The test uses the same mock data generator (DRILL-5152, PR 708 to produce 10 million rows with one integer each. Data is randomly uniformly distributed in the Java int range. We use a WHERE clause to eliminate roughly half the rows:
SELECT id_i FROM `mock`.employee_50M WHERE id_i > 0
The above means to create an integer column (_i
) in a table of 50 million rows (_50m
). As it turns out, using only 10 million rows results in run times that are too quick to be easily analyzed.
We use the test framework from DRILL-5126, PR 710 to run timed tests using Oracle Java 8 on a Macbook Pro with an Intel i5 processor. The mock data source produces batches of about 32K in size (adjusted down from the default 256K.) This gives about 8K records per batch and about 6100 batches passed to the filter. All tests were run from within Eclipse, using the Run option (not debug) using an embedded Drillbit. Parallelism is set 1 one so that we run only one fragment per query.
The baseline runs the test five times, takes the average of all but the first, and prints details for the second-to-last:
Read 24992460 records in 6104 batches.
...
Avg run time: 1784
Op: 0 Screen
Setup: 0 - 0%, 0%
Process: 11 - 0%, 0%
Wait: 26
Op: 1 Project
Setup: 0 - 0%, 0%
Process: 6 - 0%, 0%
Op: 2 SelectionVectorRemover
Setup: 1 - 25%, 0%
Process: 189 - 12%, 12%
Op: 3 Filter
Setup: 3 - 75%, 0%
Process: 575 - 38%, 38%
Op: 4 Scan
Setup: 0 - 0%, 0%
Process: 709 - 47%, 47%
Total:
Setup: 4
Process: 1490
In the above, times are in ms. The two percentages are percentage of the category (setup or process) and percent of total run time. The average time is as measured from the client. The process + setup time is the total time seen in executing the one fragment for the query.
Observations:
- Selection vector remover setup takes 12% of the run time.

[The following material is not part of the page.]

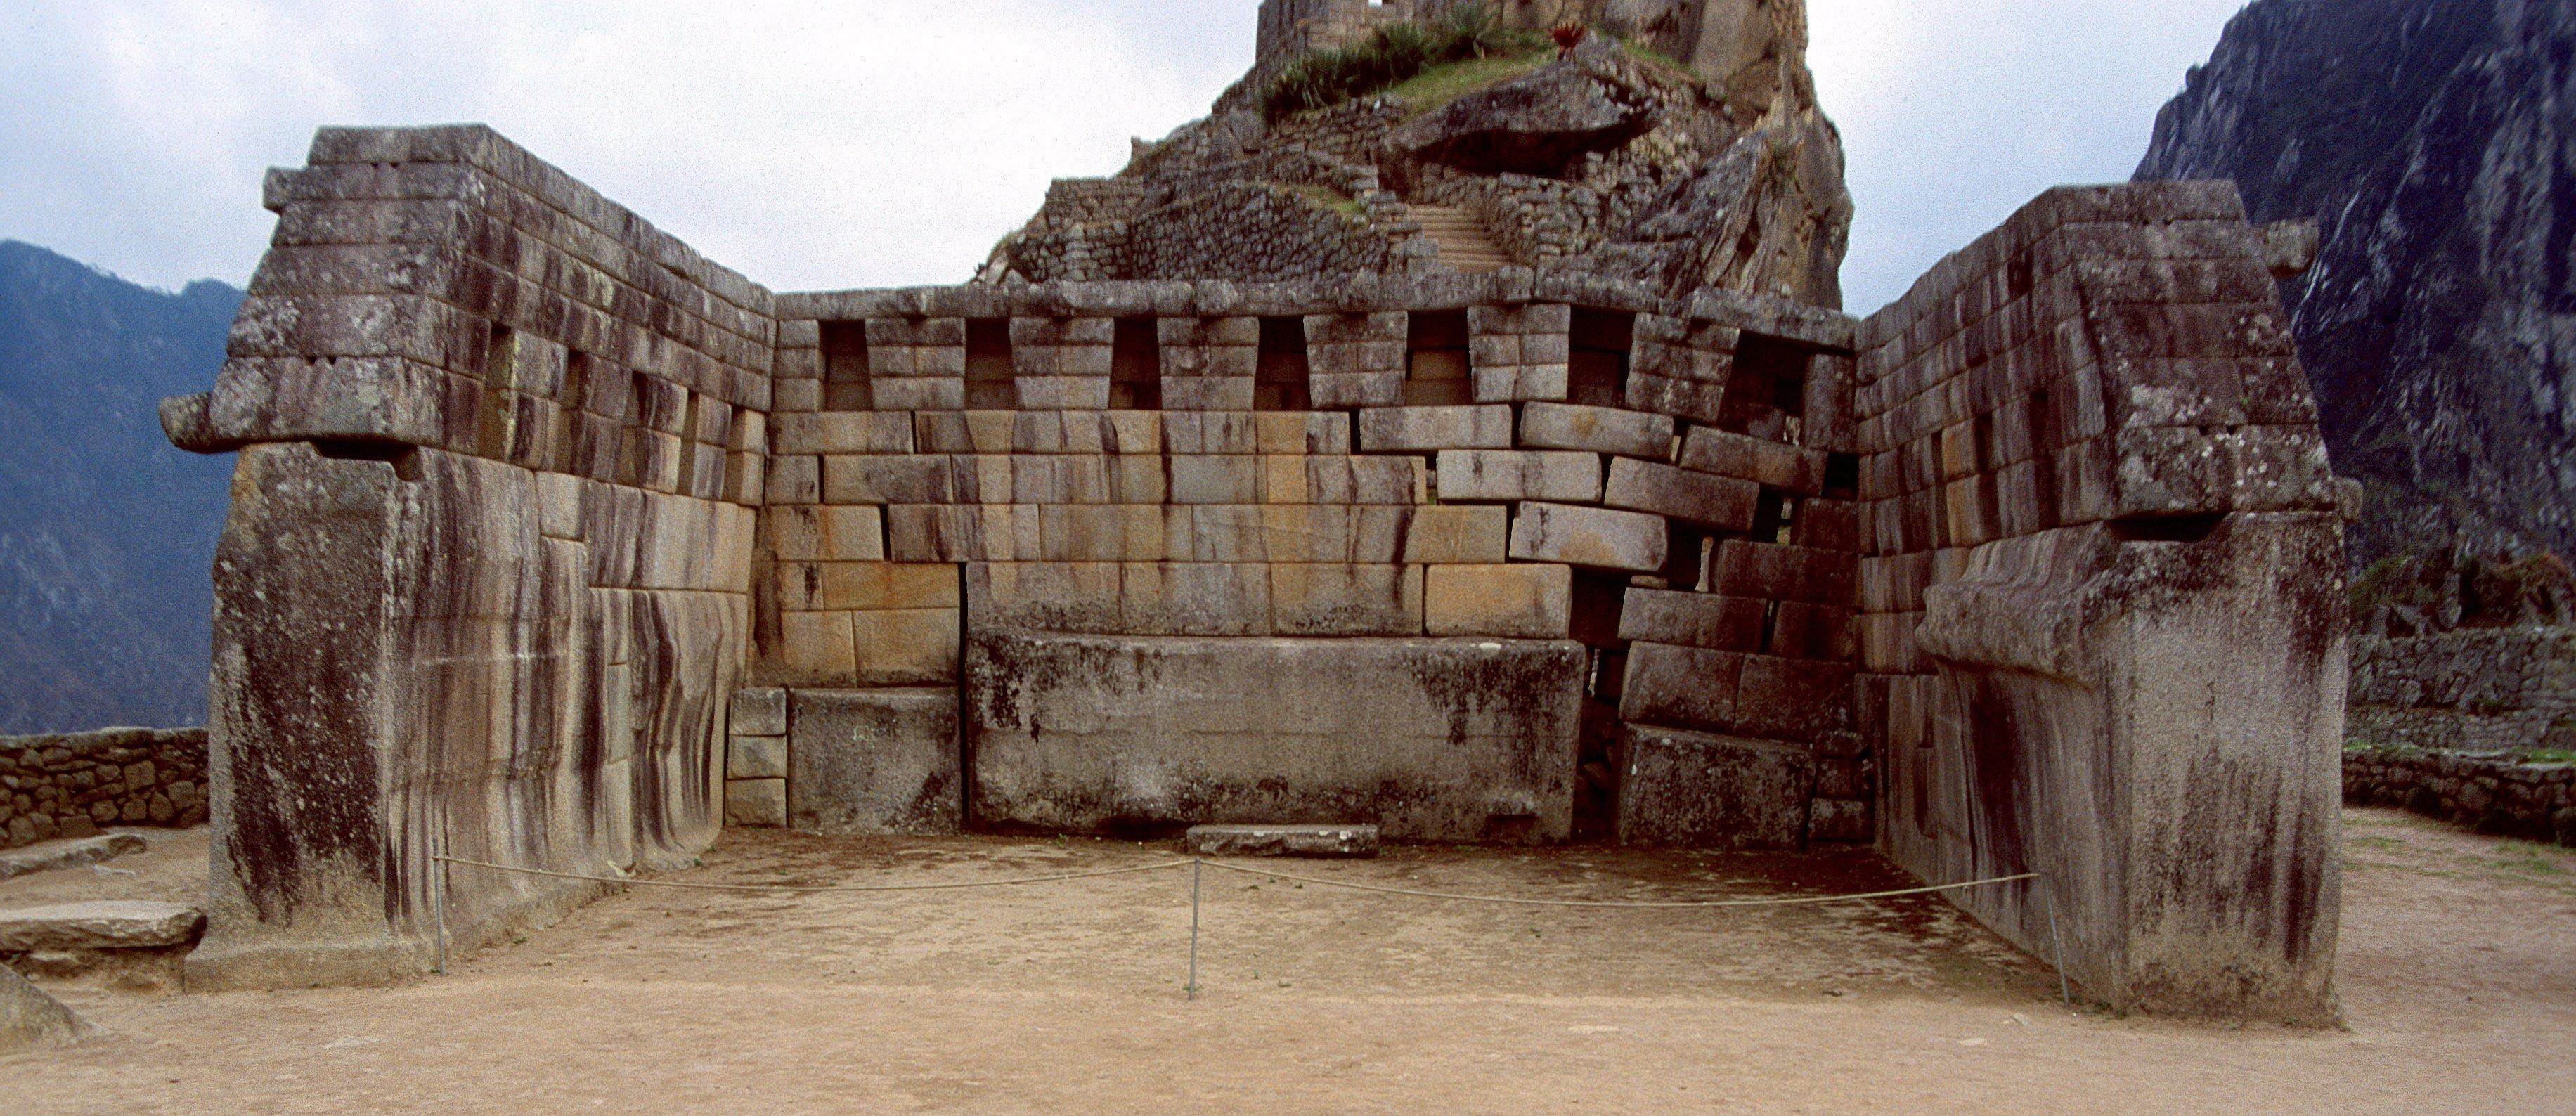 Plaza Sagrada - Machu Picchu

- Filter takes 38% of the run time.
- We are already fairly efficient because the mock scan (the bare minimum data source, no disk I/O) takes 47% of the run time.
The first thing to do is to apply the lessons already learned. Let's switch to plain Java code generation with the JDK.
Results:
Read 25003415 records in 6104 batches.
...
Avg run time: 1724
...
Op: 2 SelectionVectorRemover
Setup: 1 - 25%, 0%
Process: 178 - 12%, 12%
Op: 3 Filter
Setup: 3 - 75%, 0%
Process: 498 - 36%, 35%
Op: 4 Scan
Setup: 0 - 0%, 0%
Process: 690 - 49%, 49%
Total:
Setup: 4
Process: 1382
This got us a very small gain: about 60ms or about 3%. The important reason for the switch is that doing so allows us to hand-optimize the filter code.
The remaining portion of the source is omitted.